Gold’s Magnificent Spillover EffectJames Cordelaine
Even if you’re only a casual observer of financial markets, you must have noticed gold has had some pretty distinguished company during its most recent rally. Most of the market attention has gone to oil, which jumped above forty dollars per barrel after the Fed announced its softened plan for rate increases for the remainder of the year.
Commodities in general are raring for a climb since the dollar’s started to decline. But we’re starting to see significant action in two of gold’s sister metals, silver and platinum. They’re both exhibiting spillover energy from gold, as seasoned investors turn to them on the heels of a breakout in the yellow metal.
One of the signs market analysts look for in a stock or a commodity is resistance – a technical term that simply means a temporary price ceiling beyond which investors are reluctant to buy. It’s a bullish sign when a stock or a commodity pushes past and then sustains a price level above its resistance.
On Thursday silver shot up thirty cents to take out its intra-day sixteen dollar resistance, and then backed off twelve cents for a market close of fifteen-dollars and ninety-three cents. Its current trend signifies the gray metal is now like a coiled spring.
Platinum, the “rich man’s gold,” has moved up eight percent since the beginning of the year. Thursday it closed at a spot price of nine hundred and eighty-six dollars. Traditionally the white metal has traded at a premium to gold because it’s much rarer and because it’s an industrial metal. Platinum is used as an anti-pollutant agent in the catalytic converters of automobiles.
But the price of platinum had actually slipped below gold to a price of $774 in 2008 because of production difficulties and reduced global demand for automobiles. Its current price at almost a thousand dollars per ounce most certainly reflects a positive outlook for the auto industry. It’s also a sign that platinum is once more riding the coattails of gold.
Silver and platinum then present lucrative opportunities for investors who like precious metals and are looking to diversify. Of the two, I personally prefer silver. While platinum looks promising this year, it has more work to do to reclaim its throne. Before its price had slipped in 2008, platinum was trading at over twenty-two hundred dollars per ounce.

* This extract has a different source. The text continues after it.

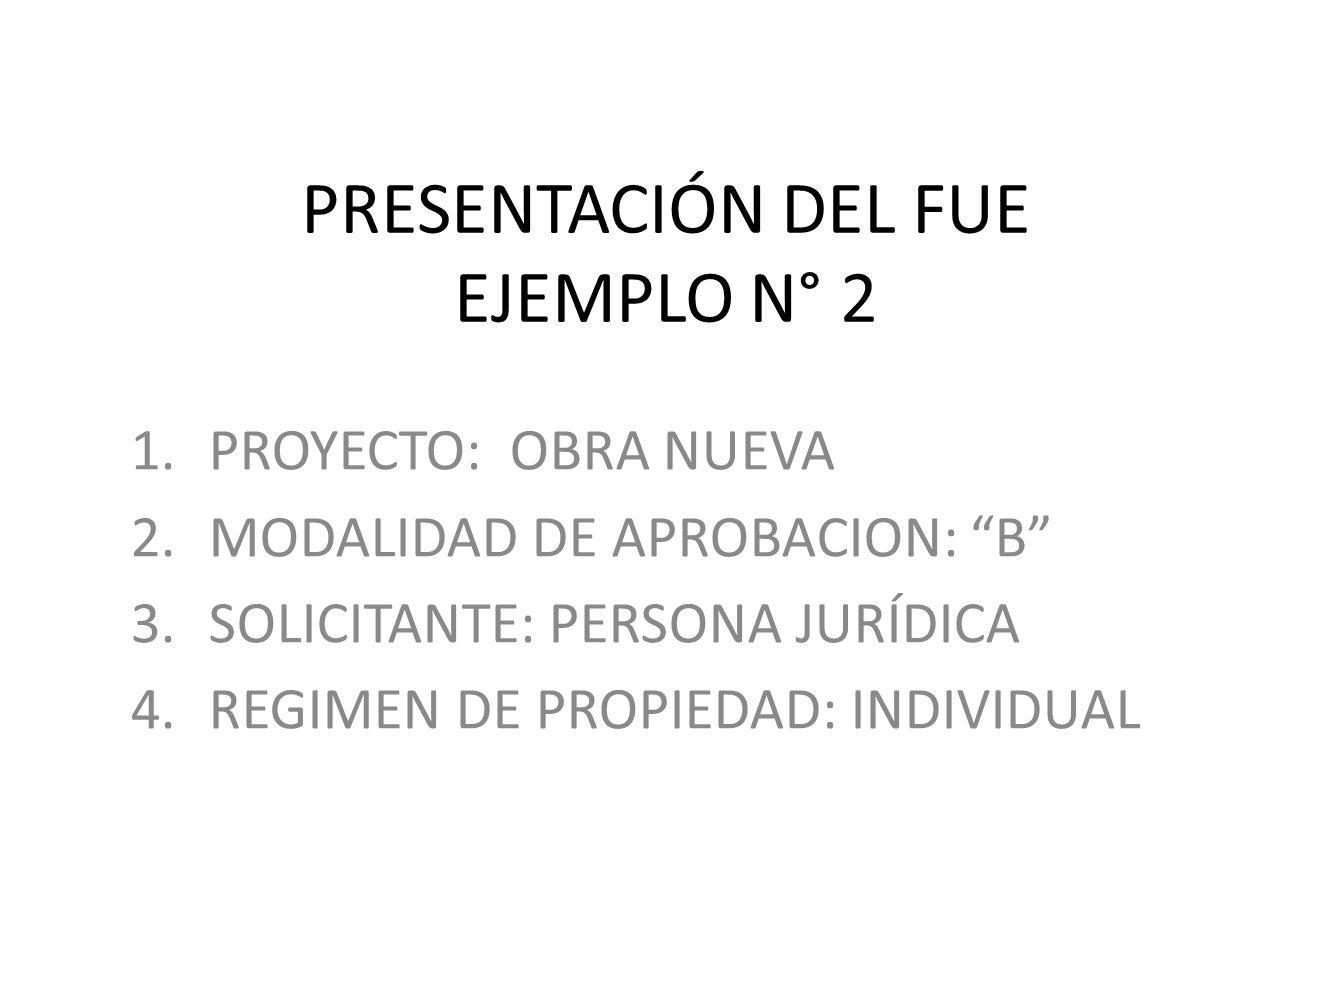 PRESENTACIÓN DEL FUE EJEMPLO N° 2 1.PROYECTO: OBRA NUEVA 2.MODALIDAD DE APROBACION: B 3.SOLICITANTE: PERSONA JURÍDICA 4.REGIMEN DE PROPIEDAD: INDIVIDU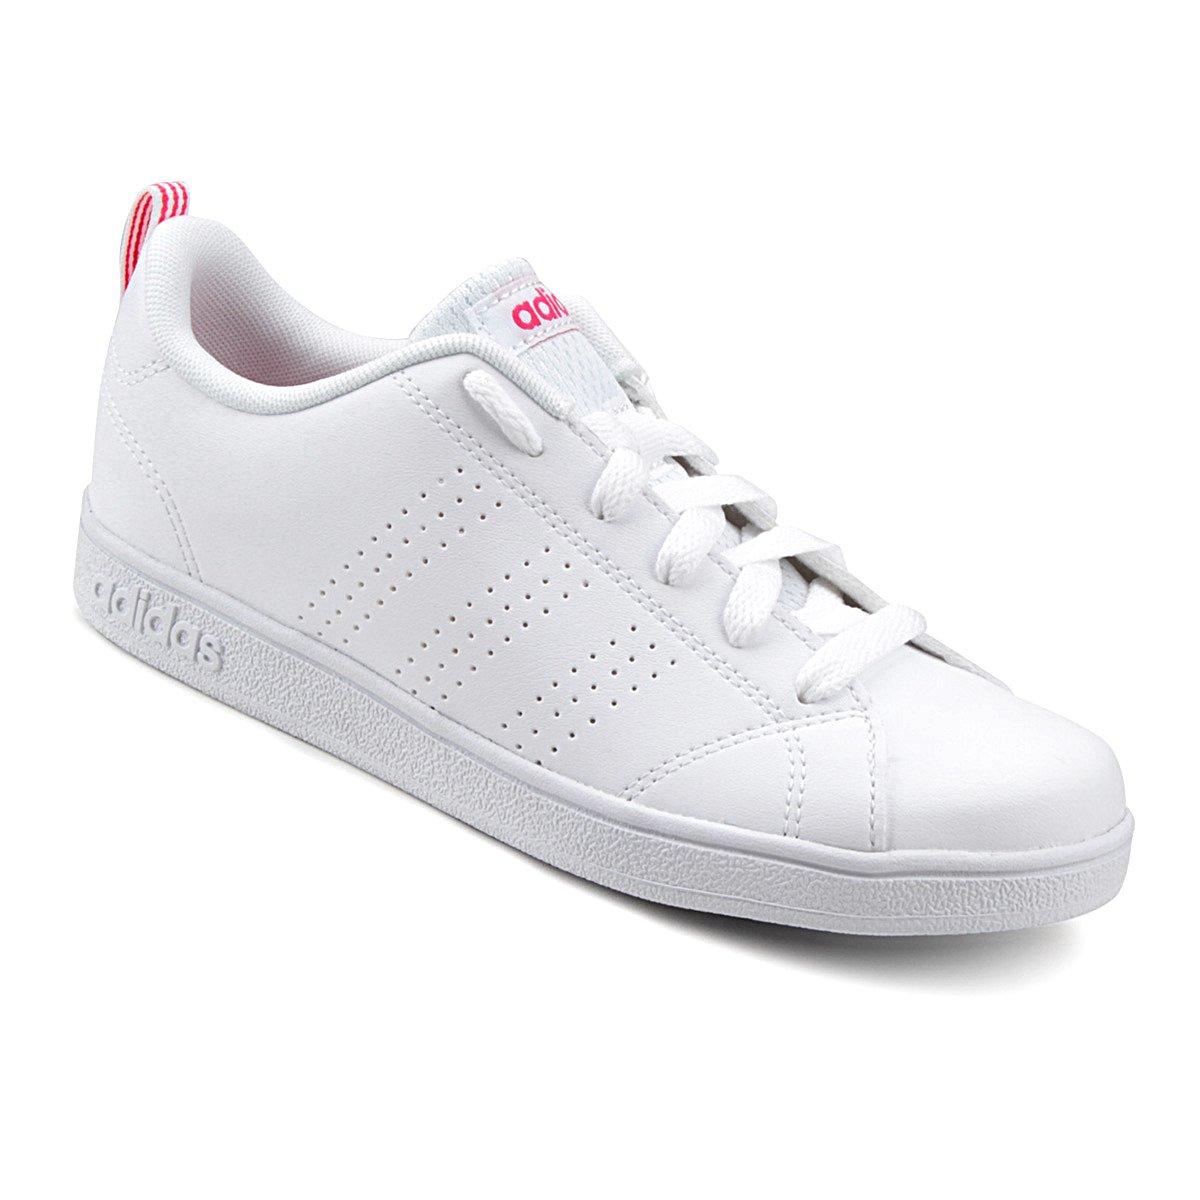 7c92e443df7 Tênis Adidas Vs Advantage Clean K Infantil - Branco e Vermelho - Compre  Agora

Silver, on the other hand, has a much broader range of industrial uses than platinum. It’s used in photography, medicine, batteries, bearings, electronics (including both computers and smart phones!), radiography, solar panels and many other applications.
I like silver coins too because they’re minted in smaller denominations than gold coins. It’s easier to use them as cash in a monetary emergency to purchase everyday necessities like groceries and gas, while gold secures the bulk of your wealth.
Ideally, it makes sense for you to hold both silver and gold. Both are time-honored tangible assets. Gold is the ultimate protection against failing paper currency. And, in a gold bull market, silver performs like gold with a bit of a kicker.